Dataset content below:
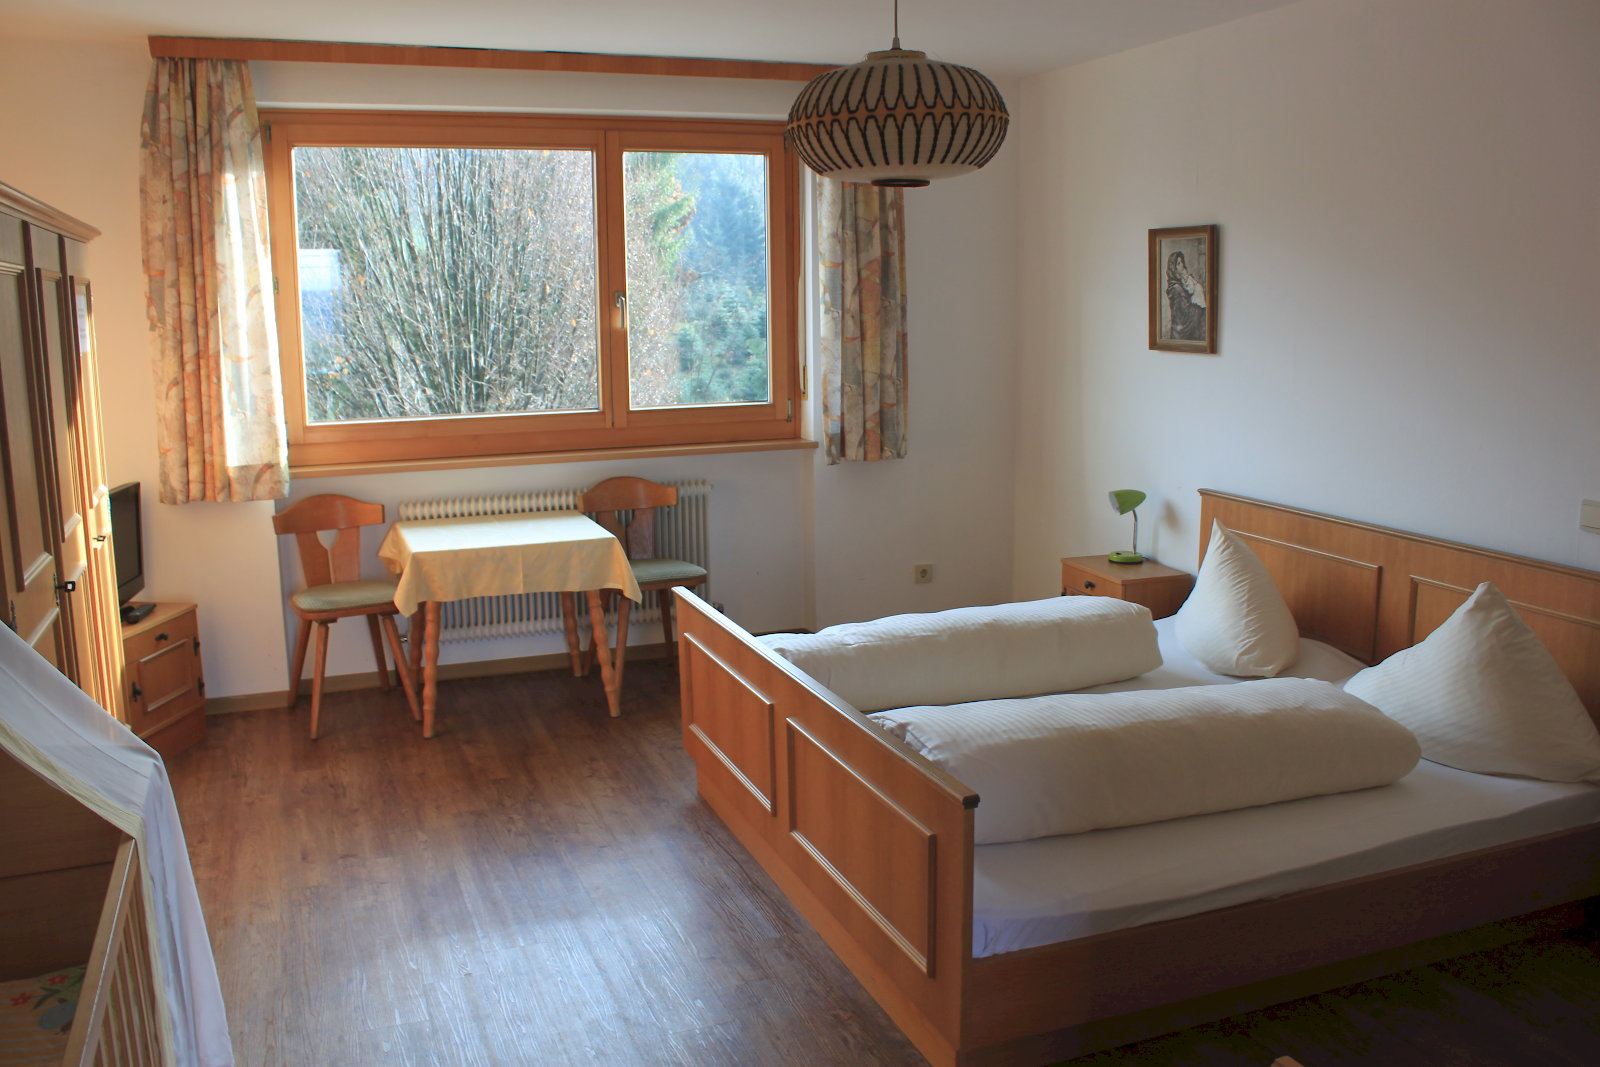 Appartement de vacances B&B - Restaurant TSINGDAO (Hörbranz). Doppelzimmer (2437460), Hörbranz, Bregenz, Vorarlberg, Autriche, image 1
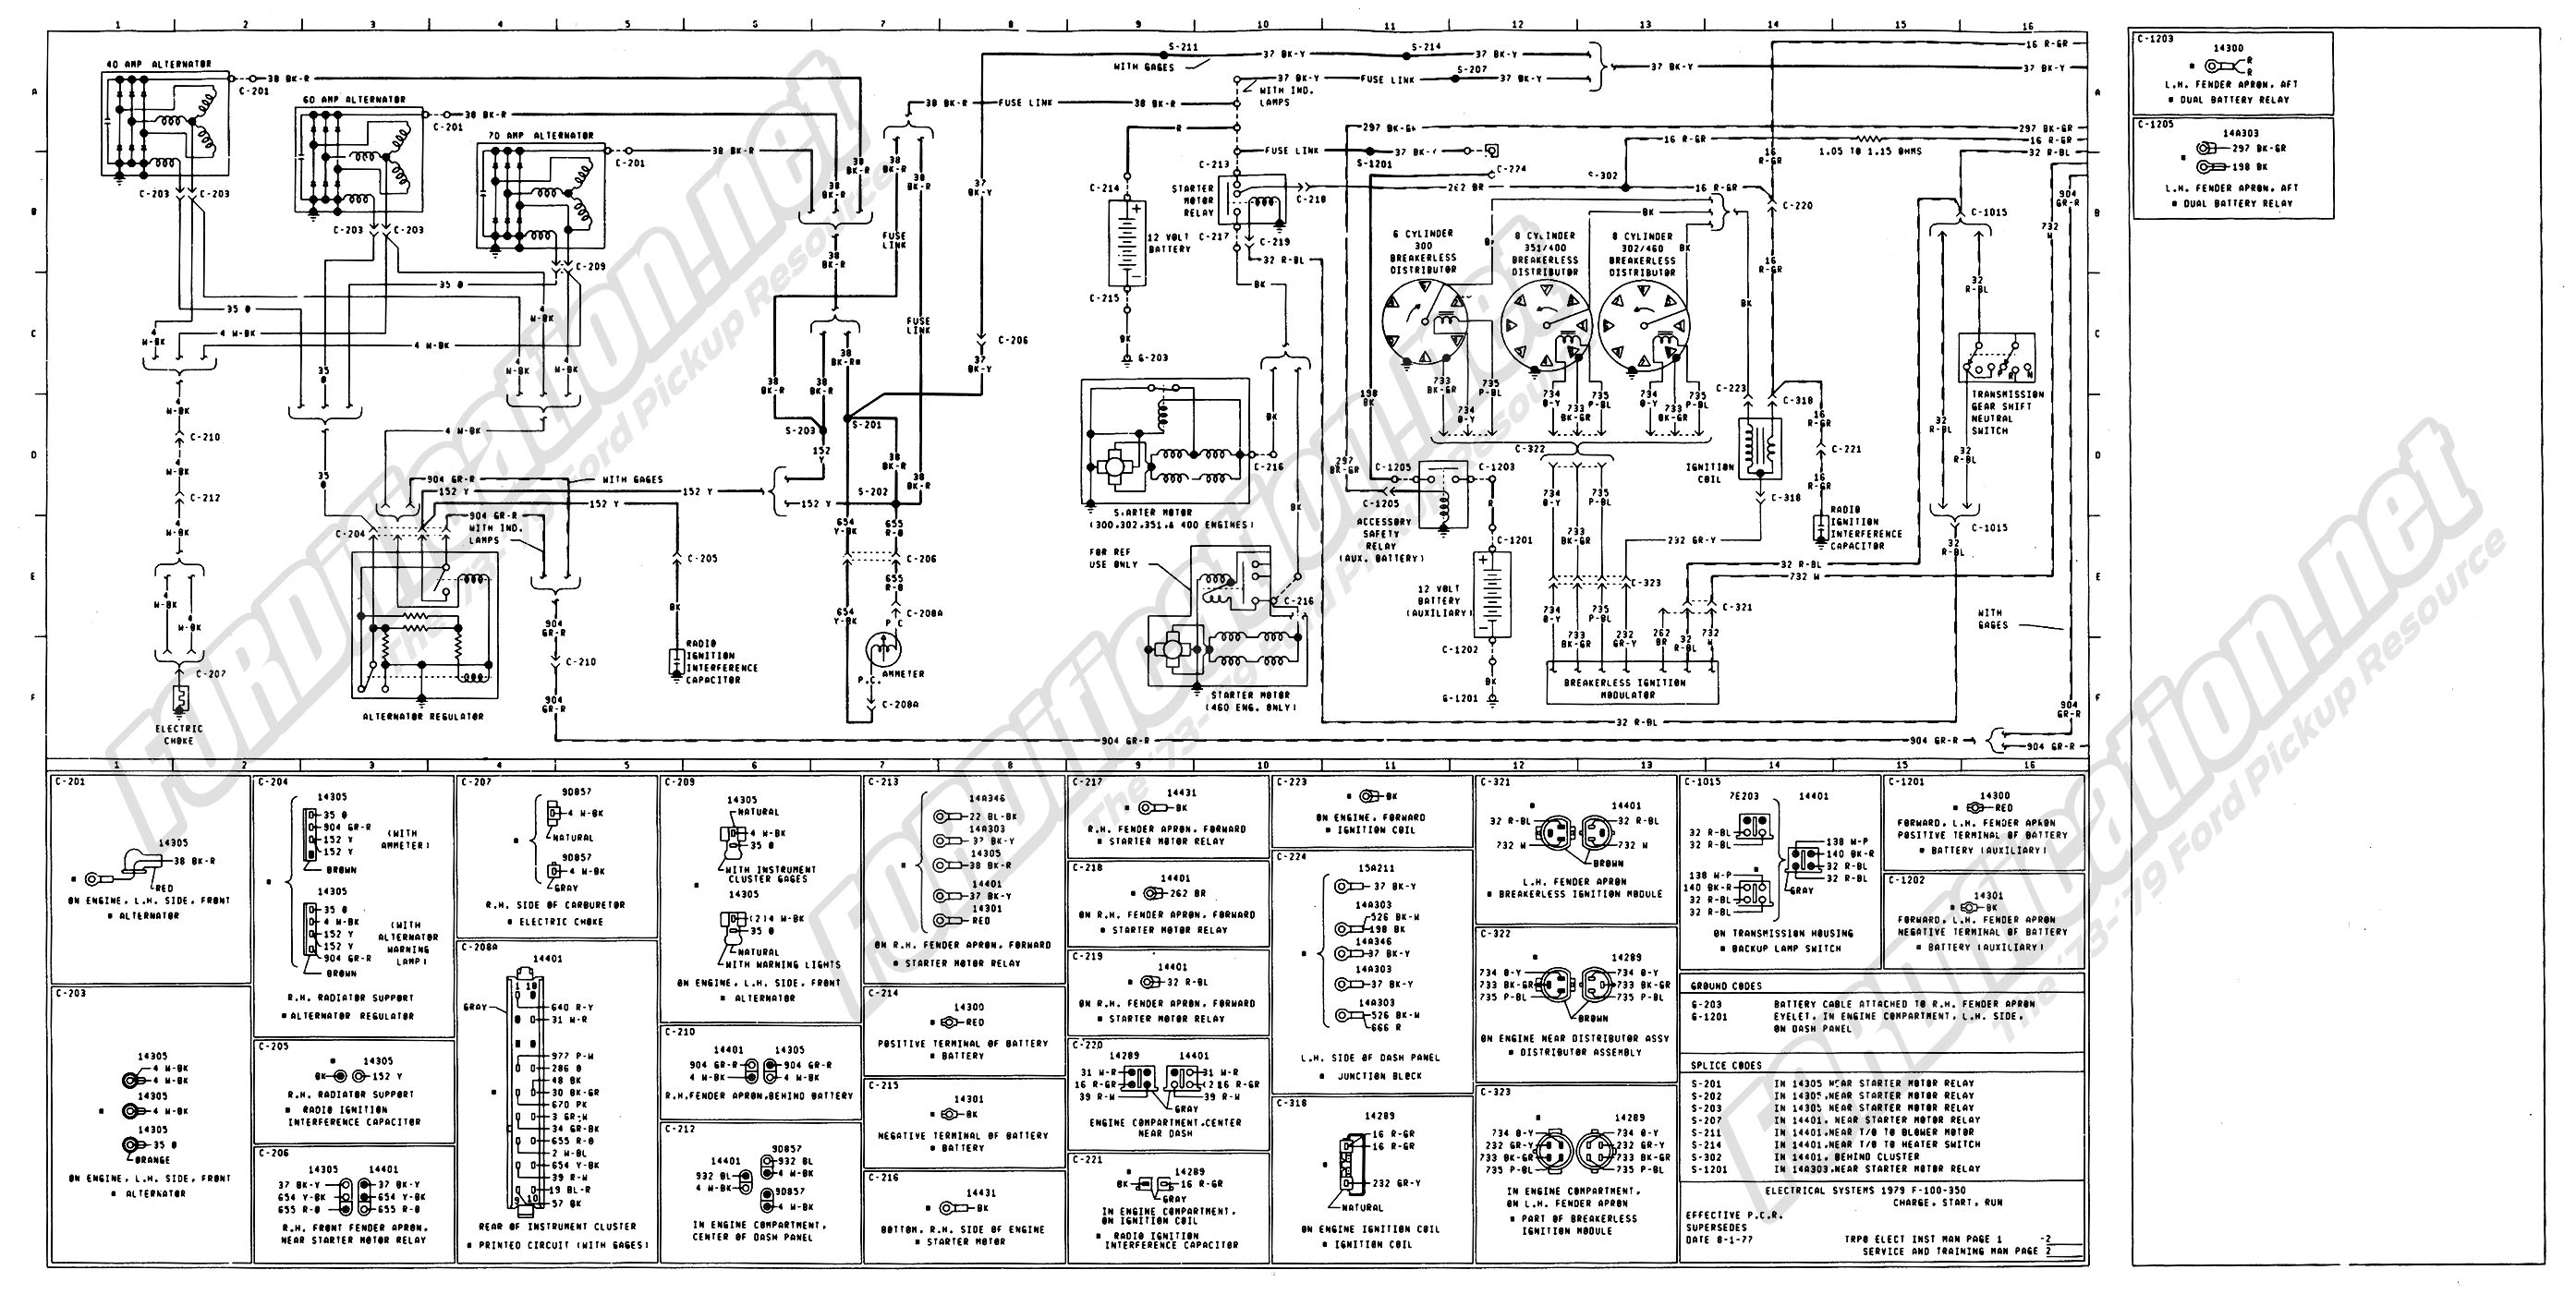 1992 ford f700 fuse box location
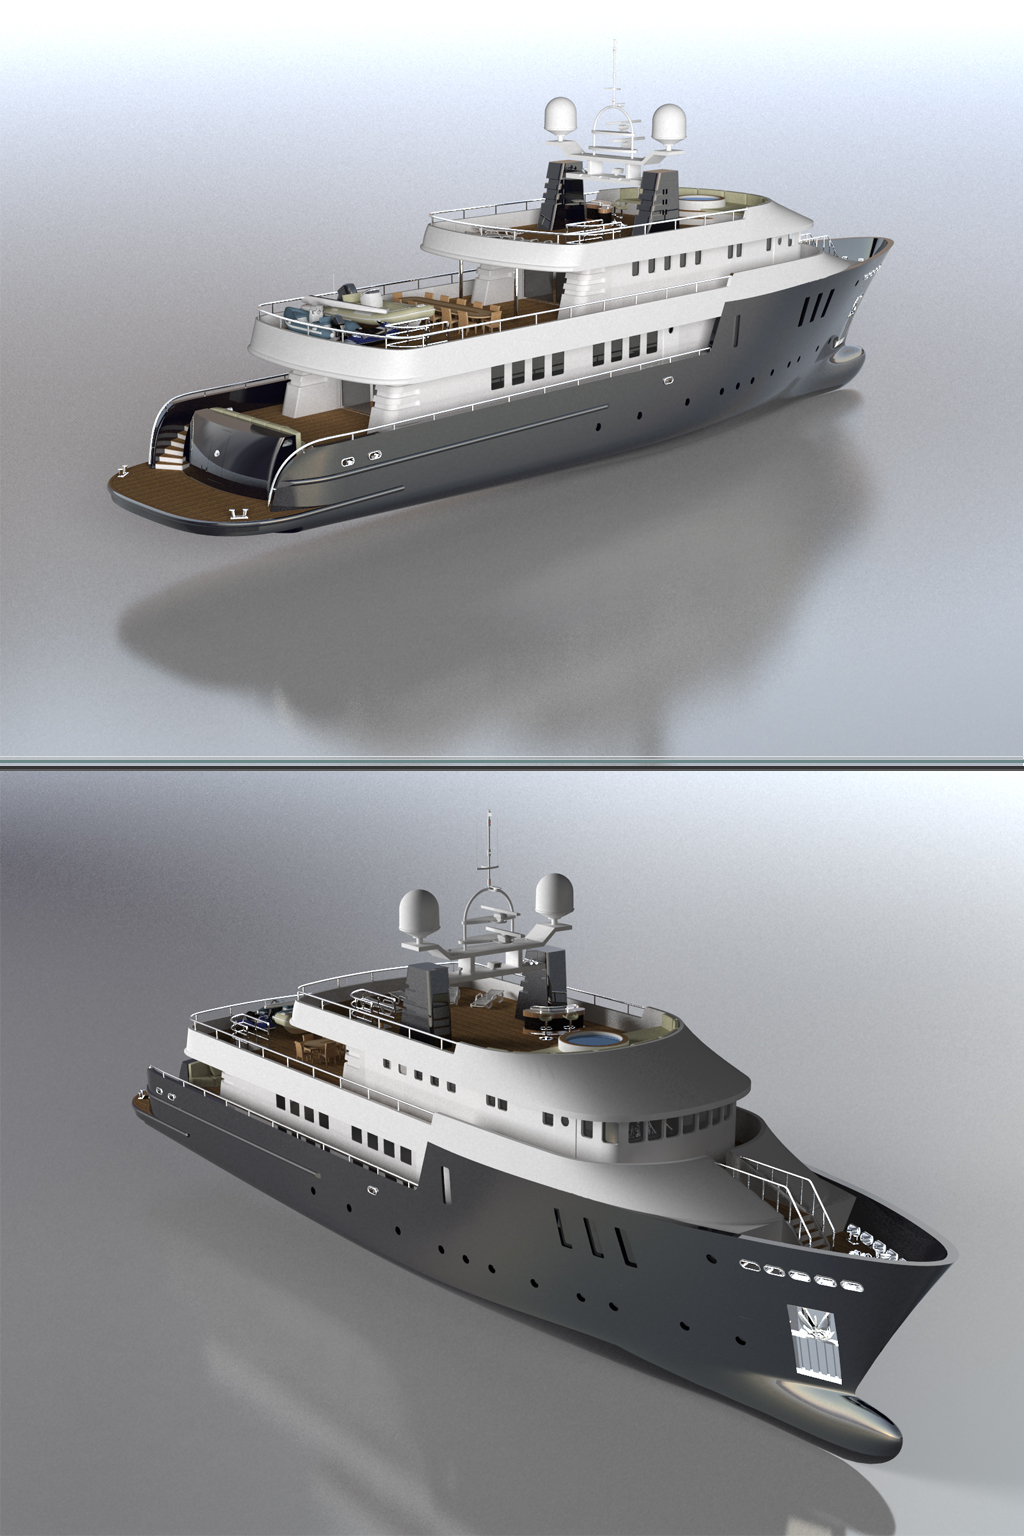 trawler yacht by pohorololo
End of Dataset content.
:: Exercise goal ::
Give back an exact copy of only the lines from the one with "1992 ford f700 fuse box location" through the final line of the material, both included. Pictures do not belong in it.

:: Expected answer ::
 1992 ford f700 fuse box location
 trawler yacht by pohorololo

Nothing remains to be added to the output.